::: Data shown
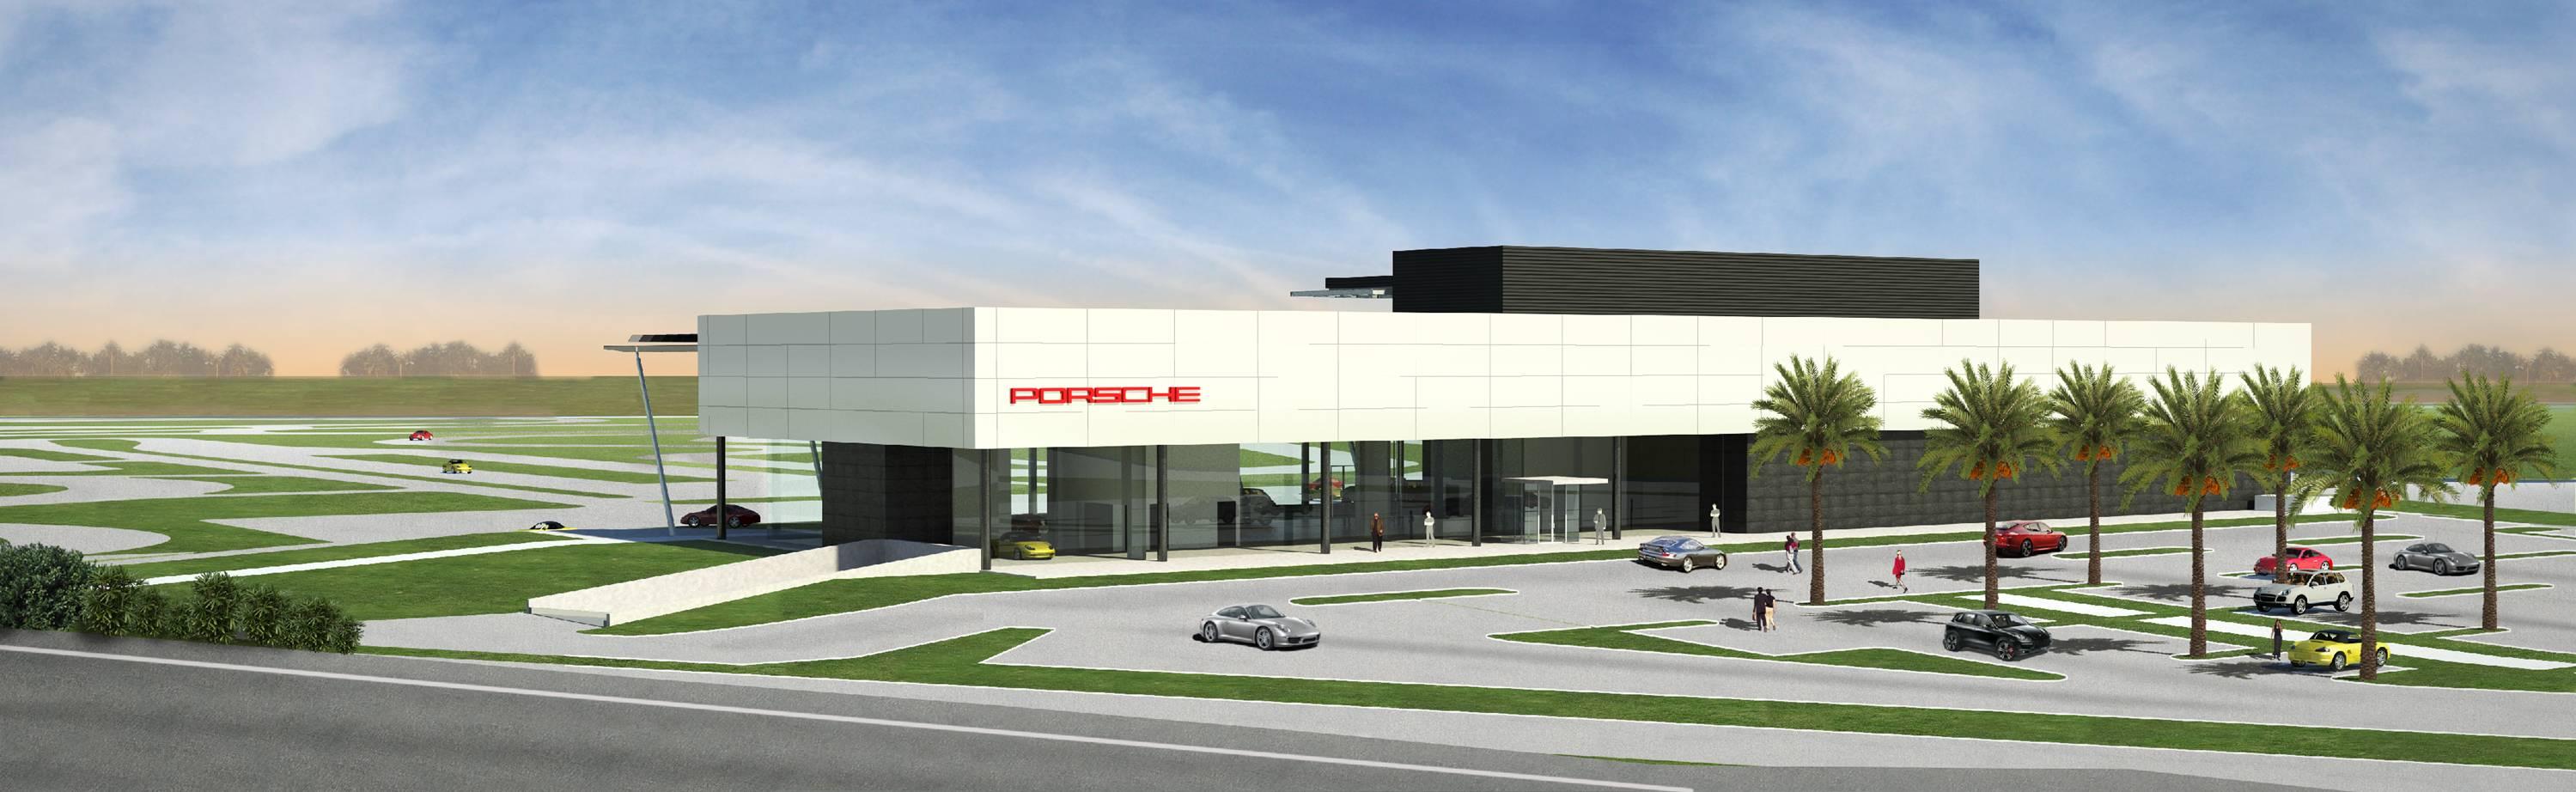 West Coast Porsche Experience Center Announced
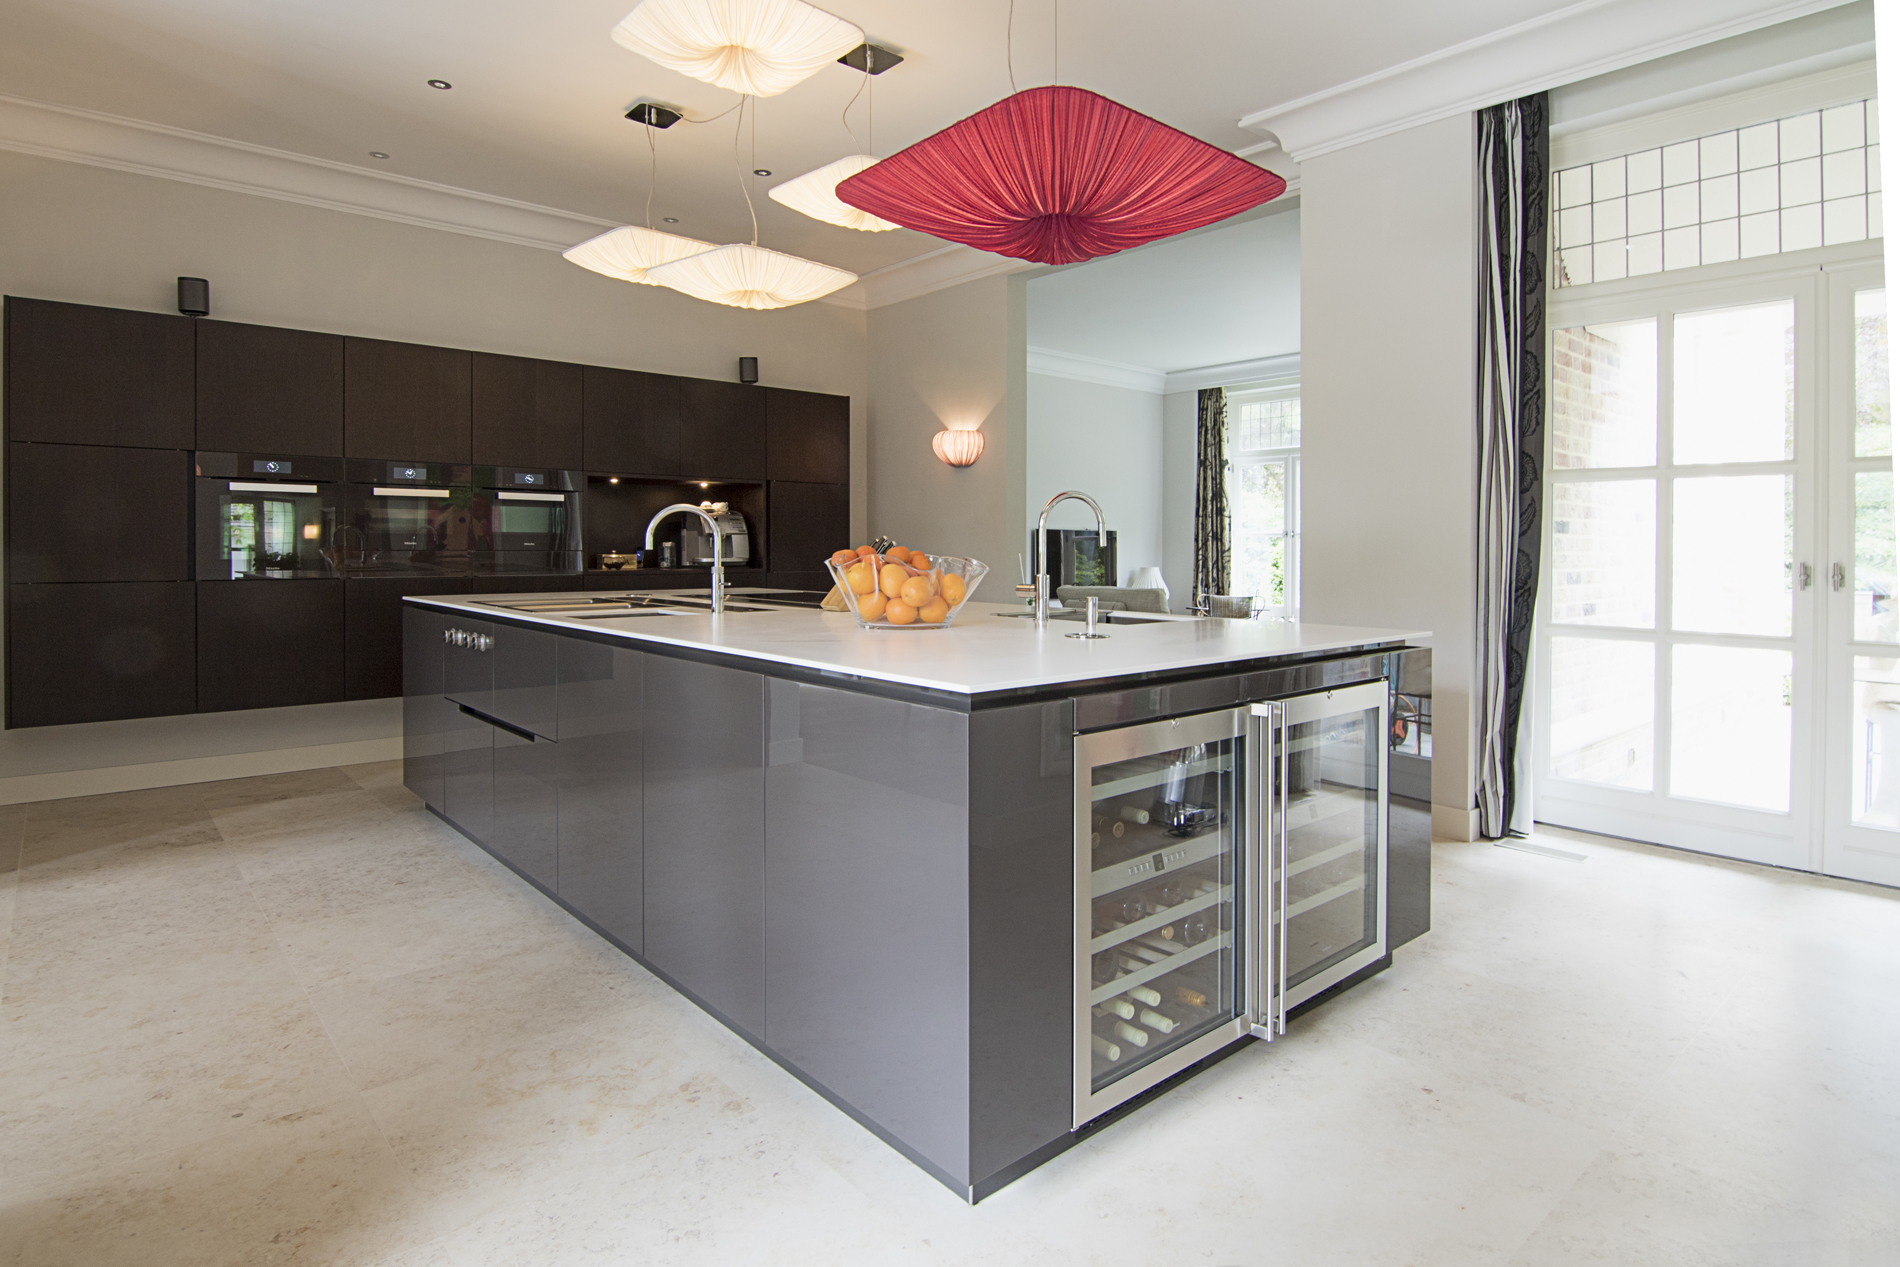 Design keukens nieuwe keuken kopen? aswa keukens
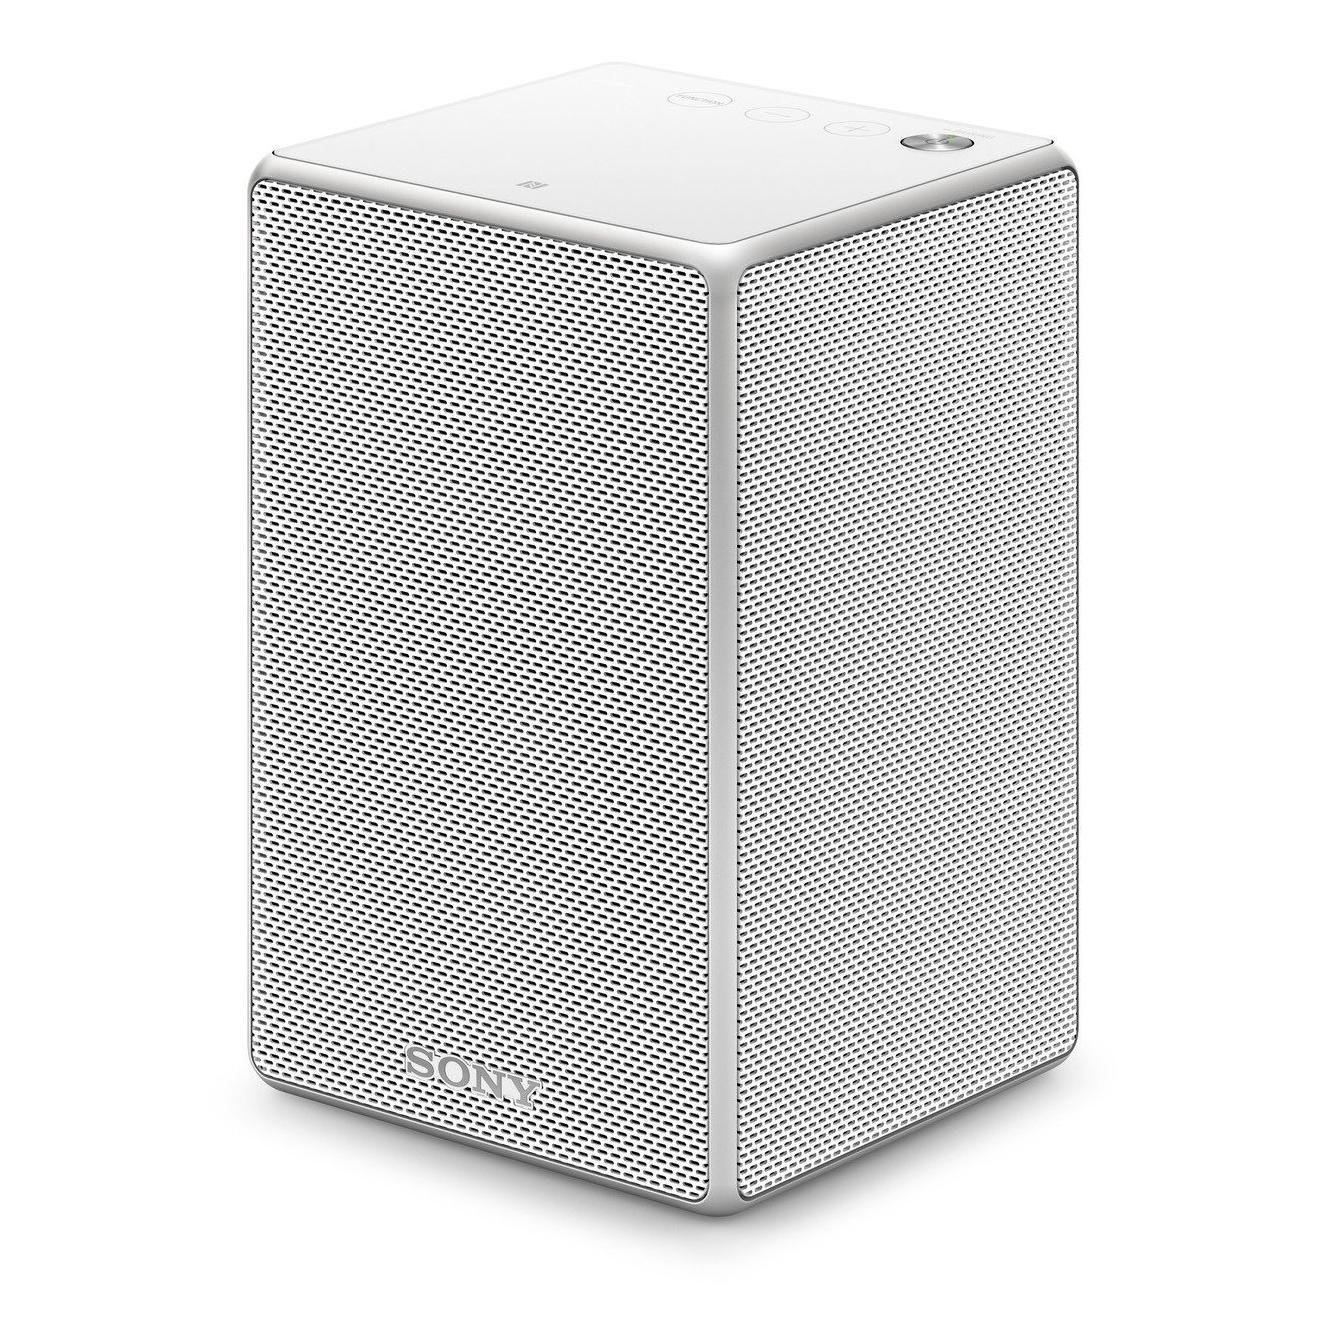 Портативная акустика Sony SRS-ZR5, Bluetooth, NFC, Wi-Fi Белый со скидкой
::::::
• [Task directions]
The answer must be the full listing above, copied exactly, with no pictures in it.

• [Exercise solution]
 West Coast Porsche Experience Center Announced
 Design keukens nieuwe keuken kopen? aswa keukens
 Портативная акустика Sony SRS-ZR5, Bluetooth, NFC, Wi-Fi Белый со скидкой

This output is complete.